The start date of using long-span structures is the nineteen century .Which generated the need for long span enclosures at a time when the technology of cast iron structures was sufficiently advanced to be able to provide them.
Progress from cast iron to wrought iron, then steel in quick succession provided the means to build longer and larger structures. Long-span buildings create unobstructed, column-free spaces greater than 30 metres (100 feet) for a variety of functions.
Long span structures are today widely applied mainly for sport buildings as stadia, sport halls, swimming pools, ice tracks and skating rinks and indoor athletics. There is a wide range of different structural systems for long span sheds. Steel is by far the most common structural material used in their construction.
There has been an increasing demand for longer column free spaces to provide maximum flexibility of the interior space. The structure can be clad in a variety of ways, with profiled steel sheeting a common choice. The design of large sheds provides a wealth of opportunities for the designer to explore technology.
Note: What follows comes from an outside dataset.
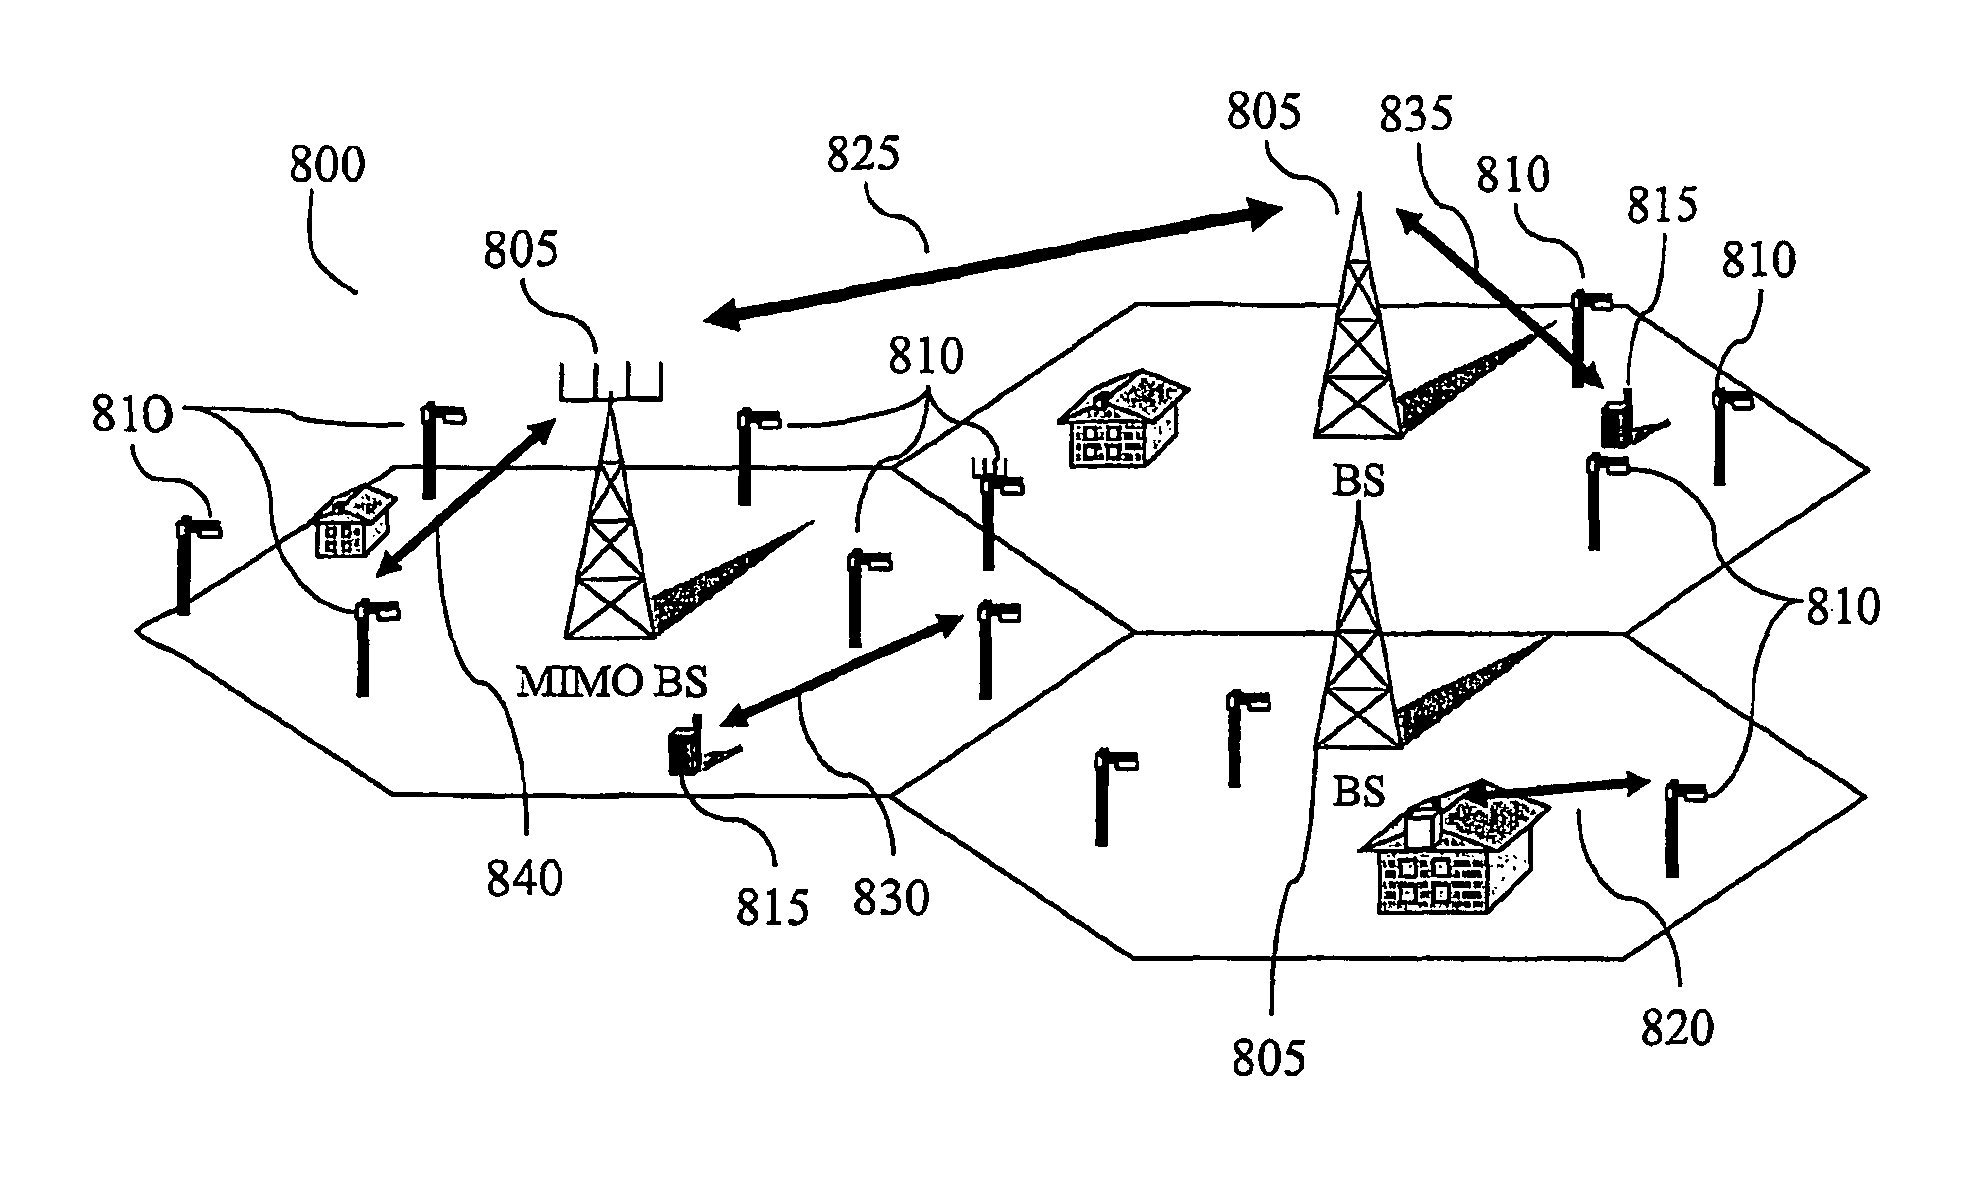 Calibration method to achieve reciprocity of bidirectional communication channels

Large flexible spaces can be provided to suit a wide range of uses.
Long Span One – Way Structural Systems
Refer to spans exceeding 60 feet.
A one way structural system is characterized by relatively
large linear spanning elements in one direction. Smaller spanning members are used to carry loads to the primary members.
Used in rectangular framing bays
Considerations for One-Way Systems:
1) Lack of redundancy
2) Stability During Construction
3) Stability After Construction
6) Temperature Movement
Long Span Two – Way Structural Systems
As its name implies, a two-way system distributes load across two or more members. All members in a two-way system are considered to be primary members.
A two-way system is most efficient when the shape is square so that there is equal distribution along the supporting members
Types of two-way structural systems:
1. Space Frame – Basically, it is a 3-dimensional truss. Lots of redundancy built into this type of truss system.
2. Dome – Probably the most efficient structural system. A circular dome has vertical meridian lines that act like vertical arches in compression and horizontal hoops that act in tension.
3. Thin-Shell Structures – Carries shear, compression and tension in the plane of the shell. These structures are deformation resistant based
on their shape.
4. Membrane structures – Similar to thin shell structures, membrane structures are also considered to be form resistant. However, these fabric-like membranes can carry tension ONLY. They are extremely lightweight.